This roadway, which was fairly quiet until the mid-1990s, became very busy after 2000, when the community began to grow rapidly. The increasing number of residents, was one of the reasons that retail and commercial development has exploded, similar to the likes of Barrhaven's Marketplace district as well as the Kanata Centrum and the Holy Trinity/Avalon district of Orleans.

Since the late 1990s, Maxi, SuperC, Reitmans, Moores, Wal-Mart Canada, Rona and Bureau en Gros stores have been built in rapid succession, A large 16-theatre movie complex, known as StarCité Hull, was also built, the largest of its kind in Gatineau.

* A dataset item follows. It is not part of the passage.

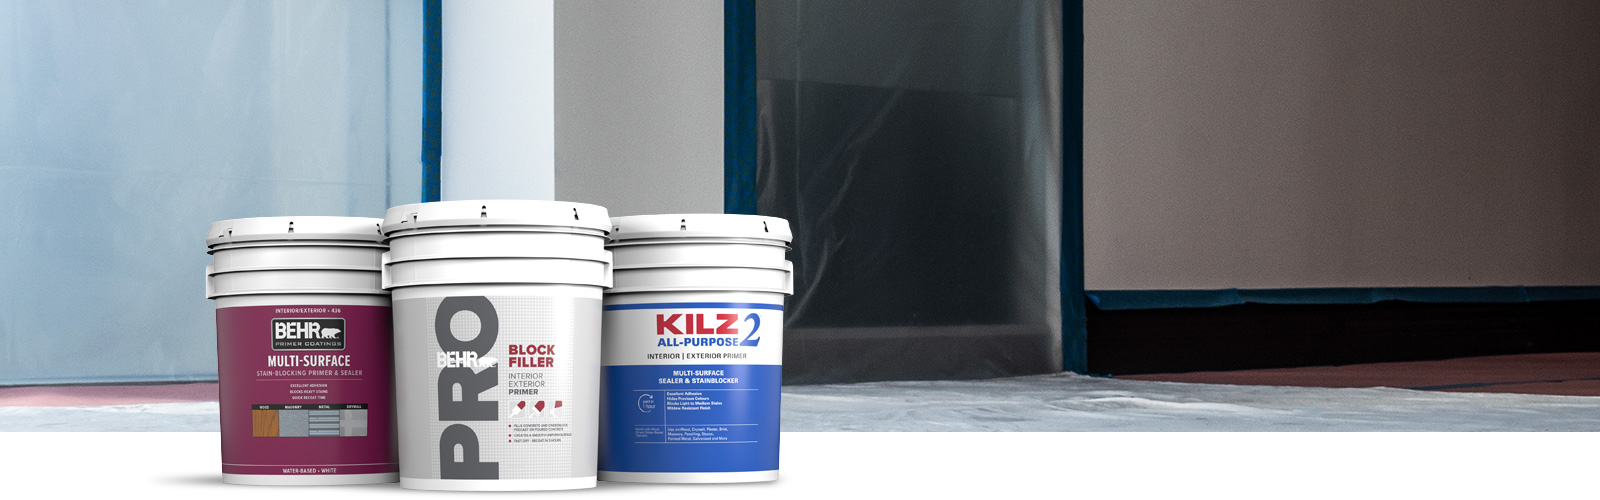 Behr Pro exterior primer products landing page desktop image featuring 5 gallon cans.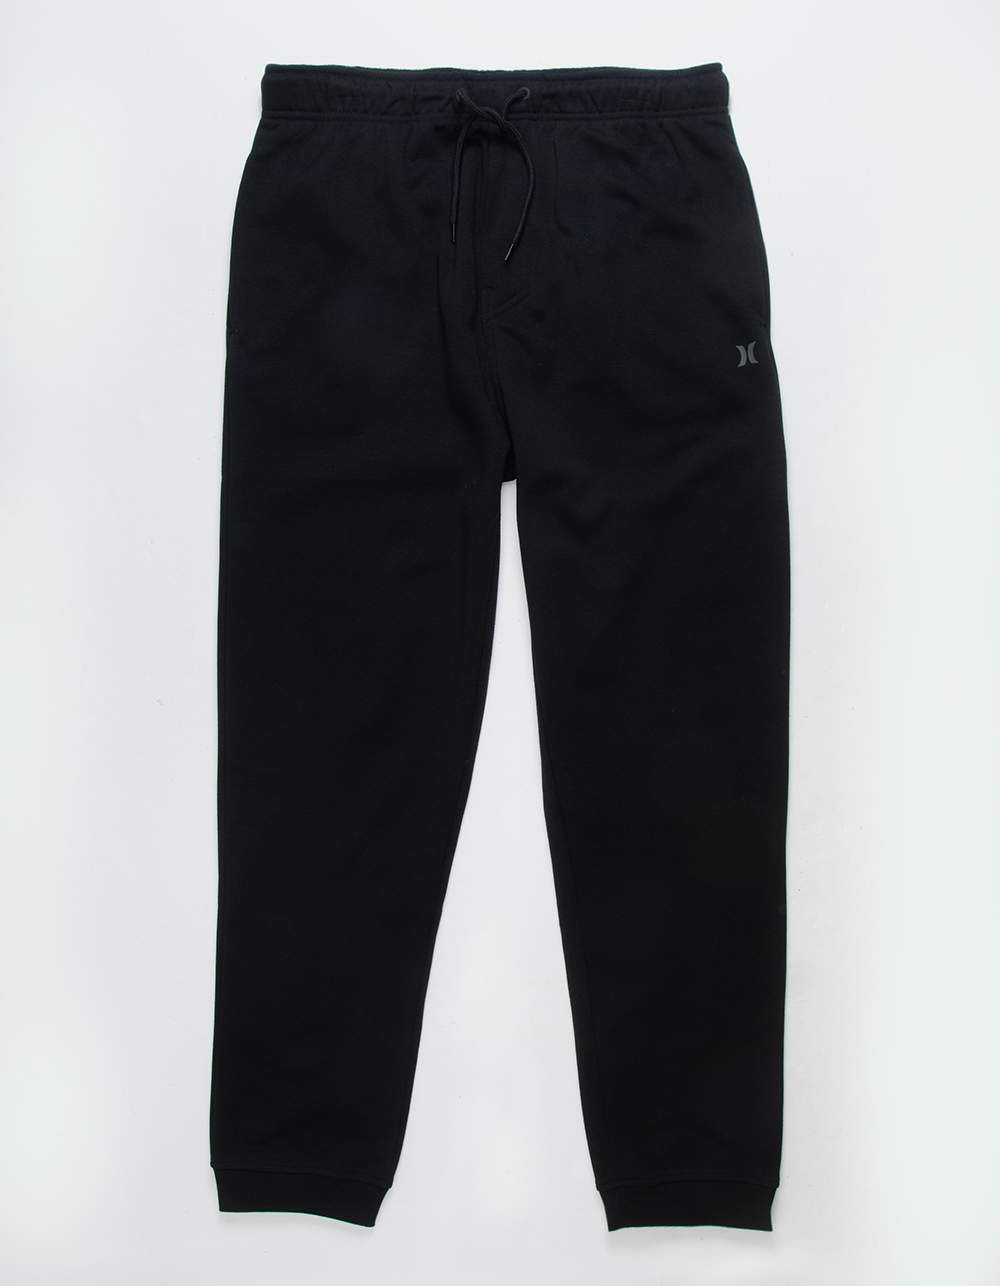 HURLEY One and Only Mens Sweatpants - BLACK | Tillys

Local residents have expressed concerns about the growing number of superstores in the area and have asked the city to slow the expansion of the commercial district, as traffic has been getting increasingly congested during shopping hours. However, there is still ample open space left for development that allows for more stores in the future since the road has been completed. In addition, the nearby Boulevard des Allumettières (formerly Boulevard de l'Outaouais), also known as the Highway 50/148 extension, gives eastern residents of the city much faster and easier access to the big-box stores in the area which would add to traffic congestion. Boulevard des Grives has been extended to the 148 to help reduce congestion.

As of 2006, community has entered the Aylmer sector, and its population is expected to approach the 15,000-20,000 range.